La expresión de la detective estrujó el corazón de Reed, pero Barrington se limitó a enarcar las cejas rubias.

– El asesino usó otra sustancia con la segunda víctima, empleó algo que no ardió tan rápido.

– Hay que comprobar la composición del nitrato -concluyó Reed-. Pediré al laboratorio que le envíe la fórmula por fax.
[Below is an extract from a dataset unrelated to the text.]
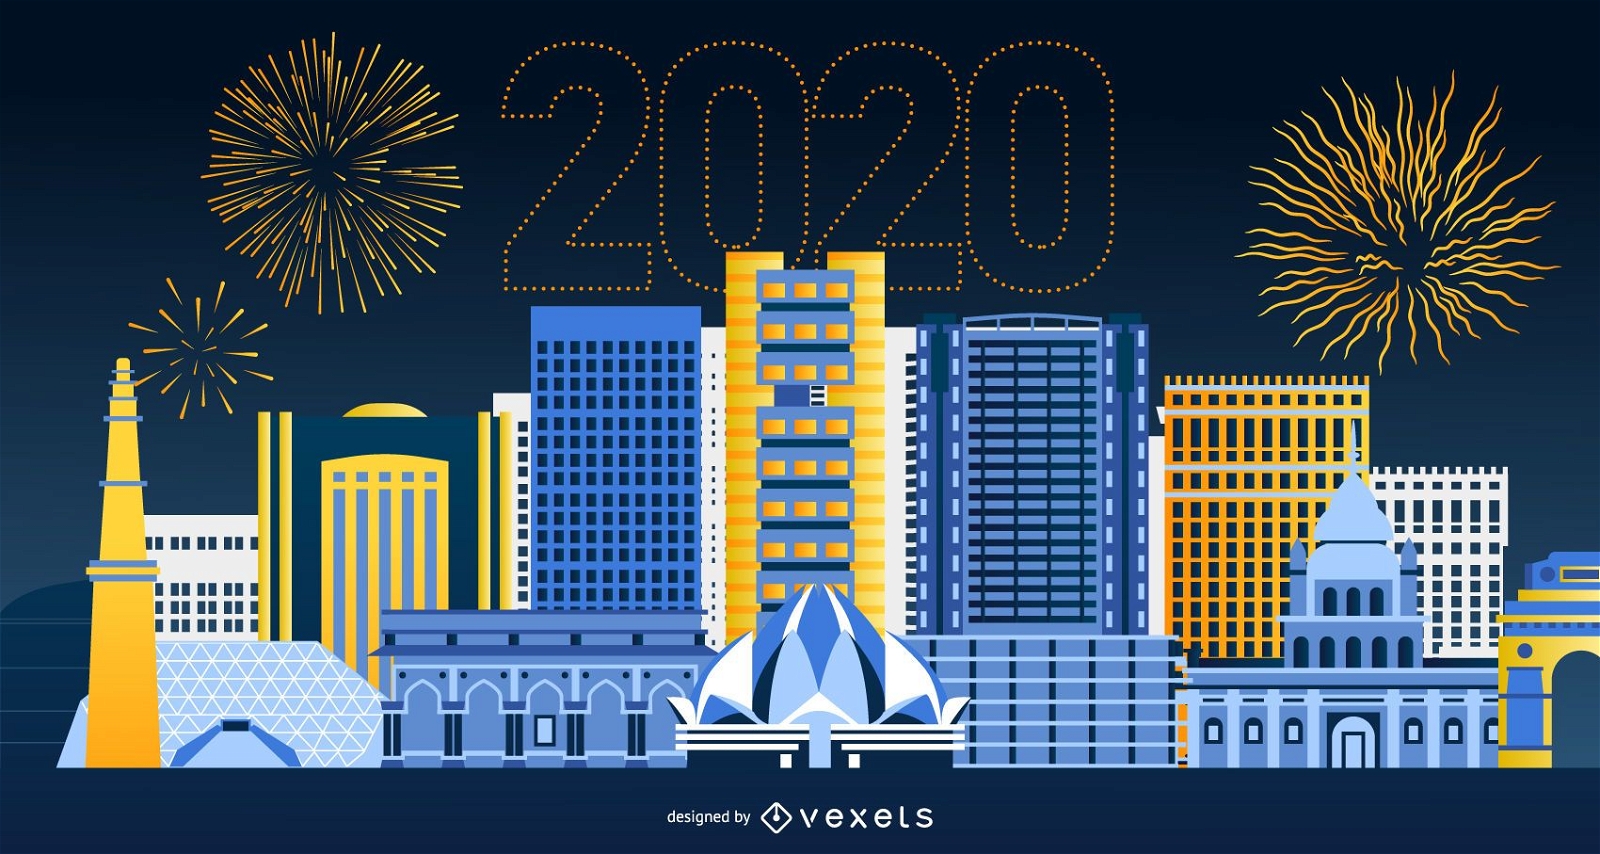 Feliz 2020 dise?o de banner del horizonte de Delhi

– Encantado. Detective, consígame la historia dental de la segunda víctima. En cuanto pueda llevaré a cabo la identificación en firme.

– De acuerdo -aceptó Mitchell en tono neutro-. Lo haré hoy mismo.

Barrington se puso en pie.

– Si no hay nada más, tengo mucho trabajo.

– Llámanos cuando sepas algo -solicitó Spinnelli.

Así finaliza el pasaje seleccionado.